The lack of workable resettlement programs for African refugees, combined with community alienation and inhumane treatment of them, often leads to refugees' organized resistance. Thus, the refugees who are forcibly transferred to refugee camps by asylum country officials and placed in an unfamiliar environment that may seriously impede their traditional way of life may not negate their desire to fight for their freedom in a vigorous manner. Generally, refugees resist their oppressor by forming an alliance with rebellious groups through the realization that their condition is an important component of the struggle for social, political, cultural, economic, and other basic rights. Not all refugees will be keen in the above political movement and activism; some may simply feel indifferent, while others may be cynical about the movement that will get them into more political problems.

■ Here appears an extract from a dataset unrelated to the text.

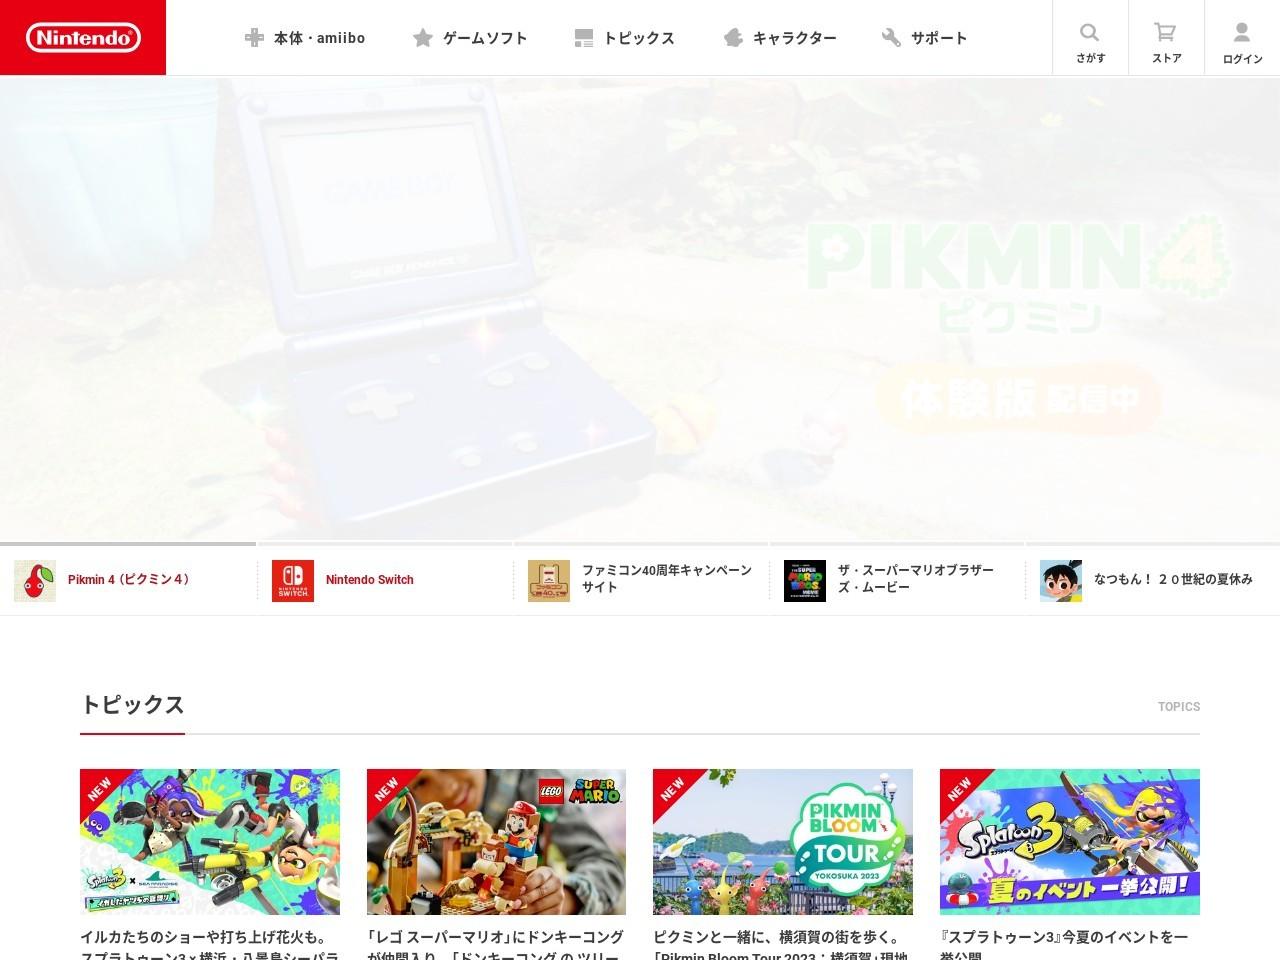 http://www.nintendo.co.jp/wii/r4ej/

Another factor initiating African refugees' voluntary repatriation is the improvement in their original country's political climate. When the intensification of the religious and political violence in refugees' homeland is reduced, this may pave the way for socio-economic reorganization that would encourage refugees to repatriate. Accordingly, their nation-state boundary may be enhanced and accessible as a consequence of political alterations in their homeland; this may create a safe atmosphere and opportunity for refugees to return home. When this happens and a huge number of refugees actually demonstrate their interest in voluntary repatriation, then the refugee agencies' attitudes begin to change, and they begin to look for ways to increase their assistance to make the repatriation process run smoothly. The refugees' asylum/host government will absolutely find ways to promote voluntary repatriation, through huge donations to refugee agencies in order to expedite the repatriation process, while the refugees' homeland government seeks ways to control the number of refugees returning home.

As mentioned earlier, immediately voluntary repatriation becomes official through the effort of the UNHCR, the host country government, and the refugees' country government regarding multilateral agreements which provide the means for UNHCR and non-governmental organizations to assist refugees in their resettlement endeavour, some extreme conflicting issues may arise. The multilateral agreements may in some instances lead to a drastic reduction in the number of refugees who are willing to repatriate, simply because of the bureaucratic process involved. Many refugees may be apprehensive or see the administrative process of registering refugees as a mechanism to expose them to their government, which constructed the political crisis that made them become refugees. In addition, some may deliberately delay their repatriation process by systematically expecting the resettlement program assistance to be firmly implemented by all parties.

The following paragraphs provide comprehensive analysis of different systemic mechanisms and principles that authorize the current voluntary and forced repatriation of African refugees. Also, this section provides an in-depth examination of how the pervasiveness of racism and social difference among ethnic groupings, especially the economic marginalization/disparity and inequitable socio-political relationship between the Western nations and African countries, contributes to and explains the growing acceptance of the foregoing theory and practice.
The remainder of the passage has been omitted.